> **Data shown**
*** Block opens ***

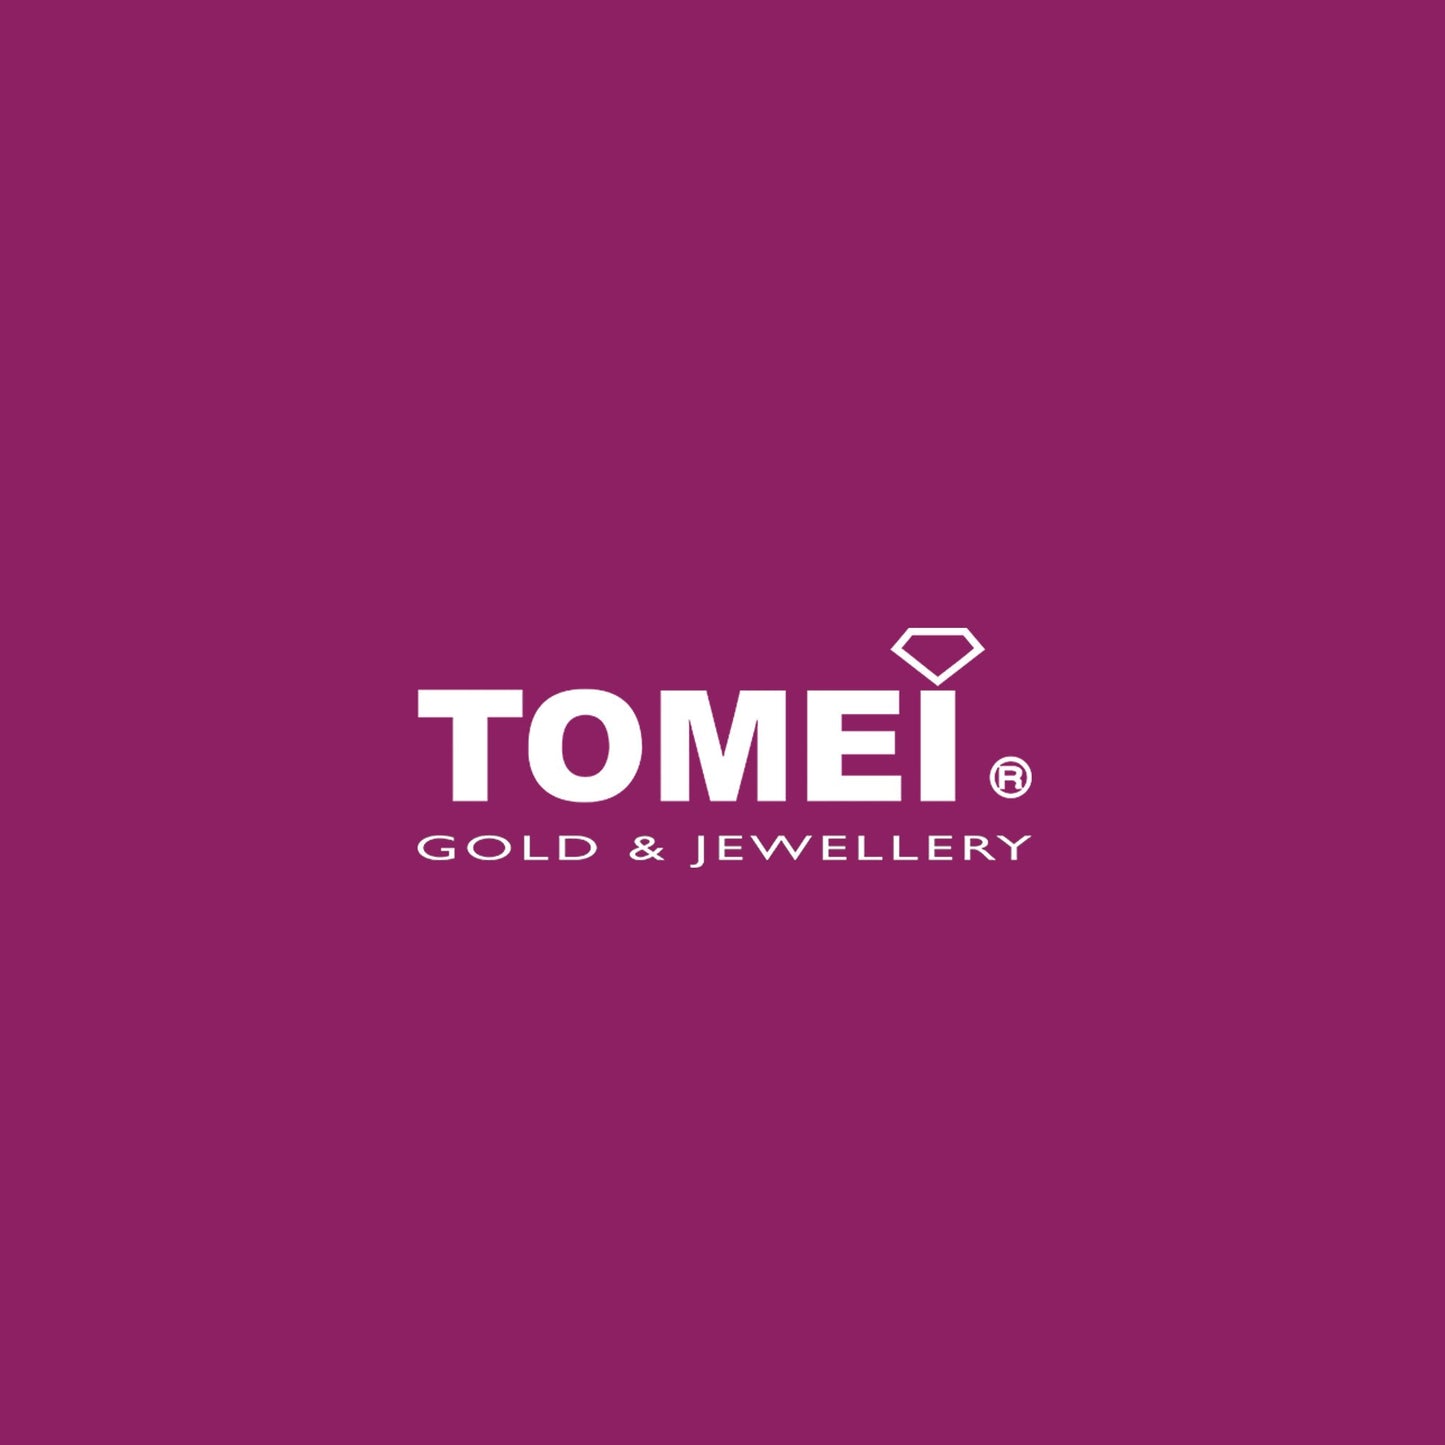 TOMEI South Sea Pearl Pendant, White Gold 750
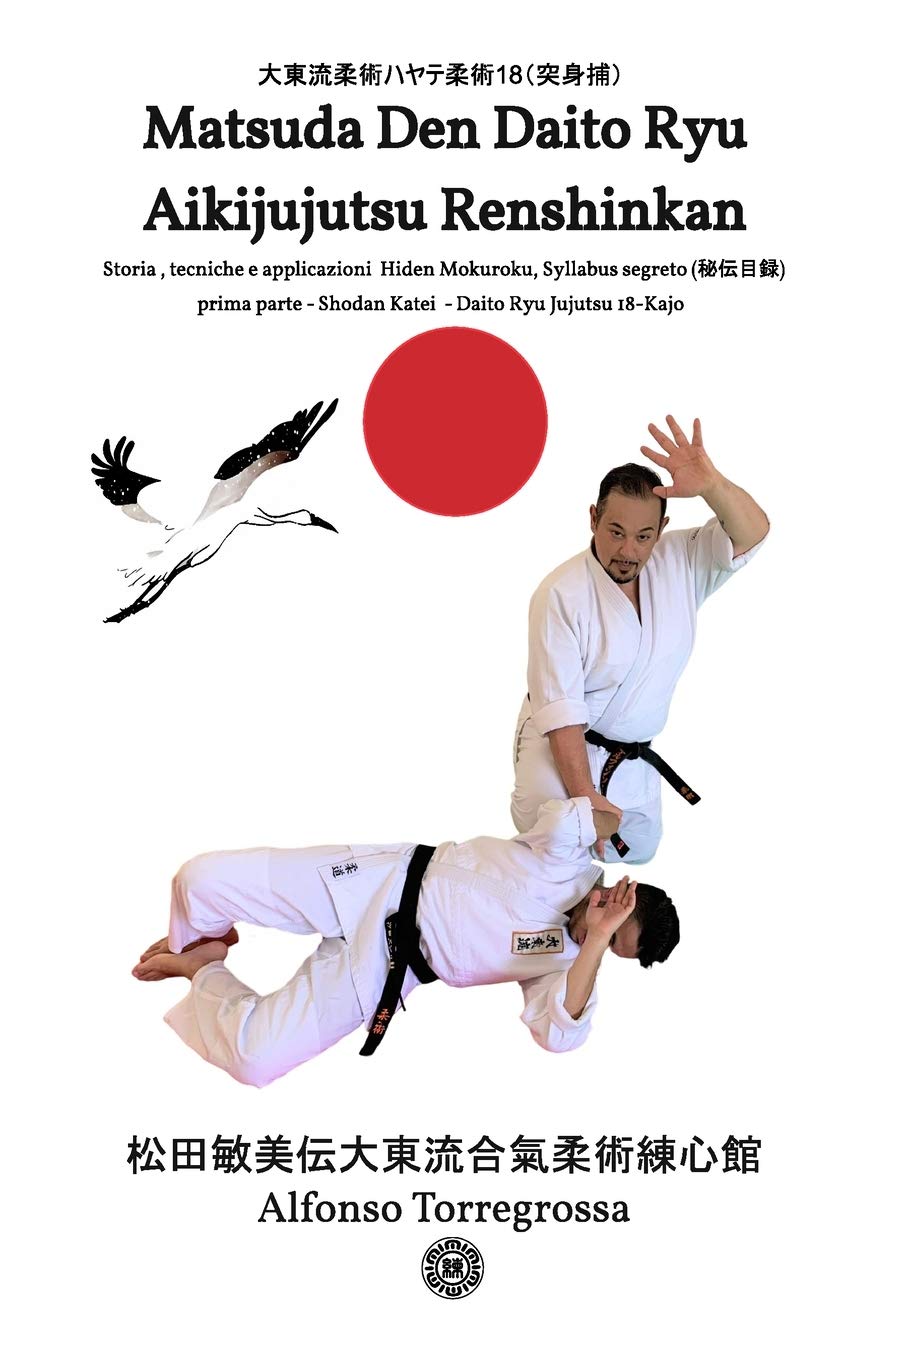 Daito Ryu Aikijujutsu Renshinkan Book 1 by Alfonso Torregrossa (Italian)
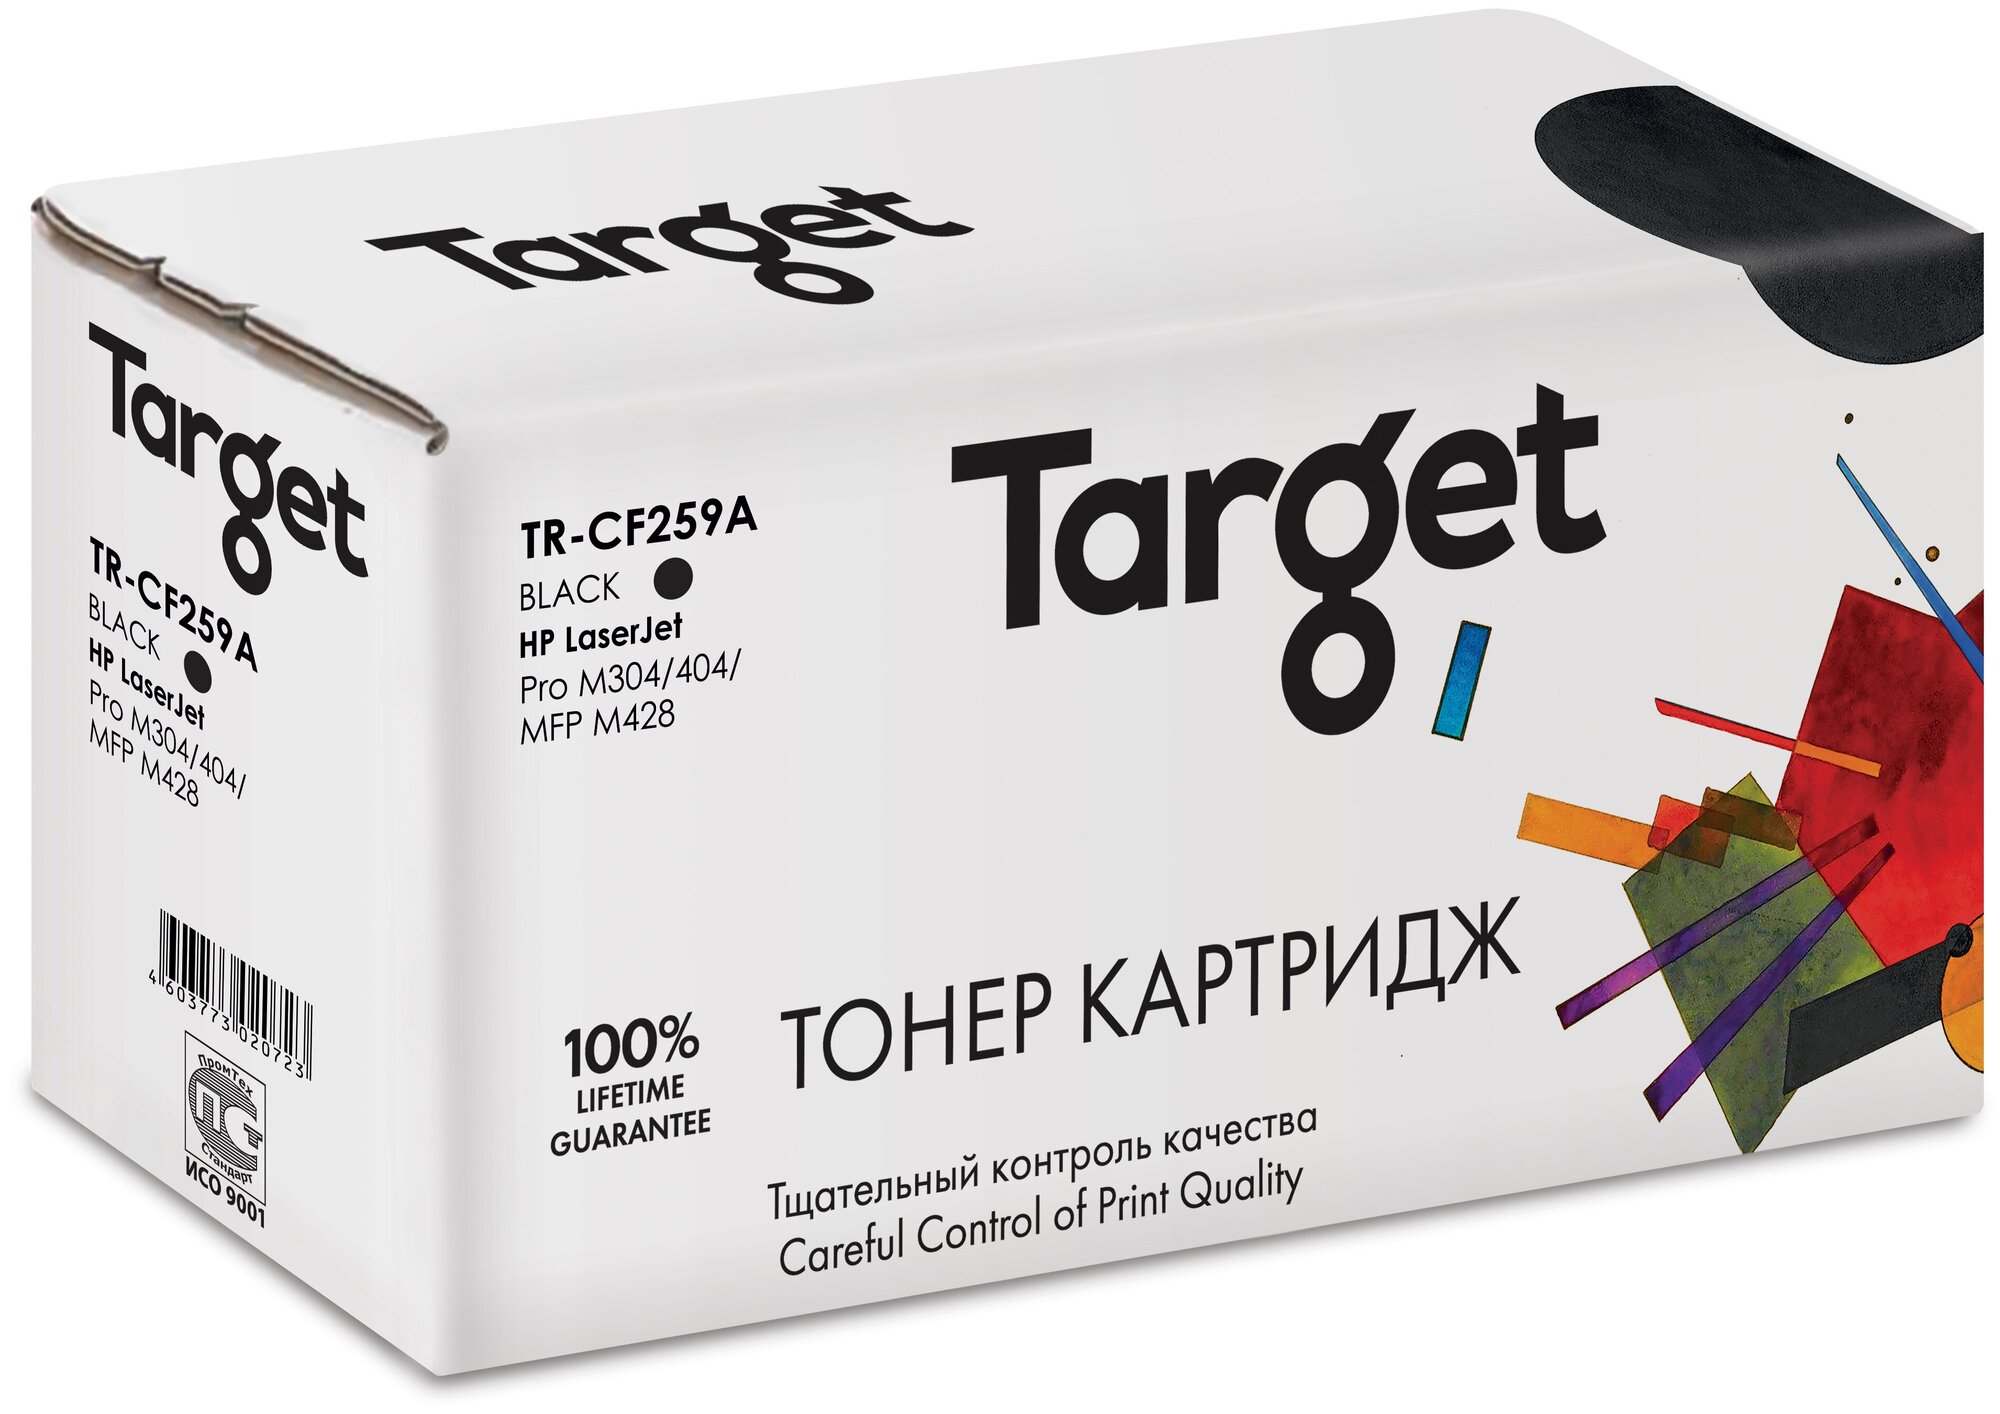 Картридж Target CF259A, черный, для лазерного принтера, совместимый

*** Block closes ***

> **Work order**
Every line of the listing is to be retyped exactly; pictures stay out.

> **Solution for this problem**
 TOMEI South Sea Pearl Pendant, White Gold 750
 Daito Ryu Aikijujutsu Renshinkan Book 1 by Alfonso Torregrossa (Italian)
 Картридж Target CF259A, черный, для лазерного принтера, совместимый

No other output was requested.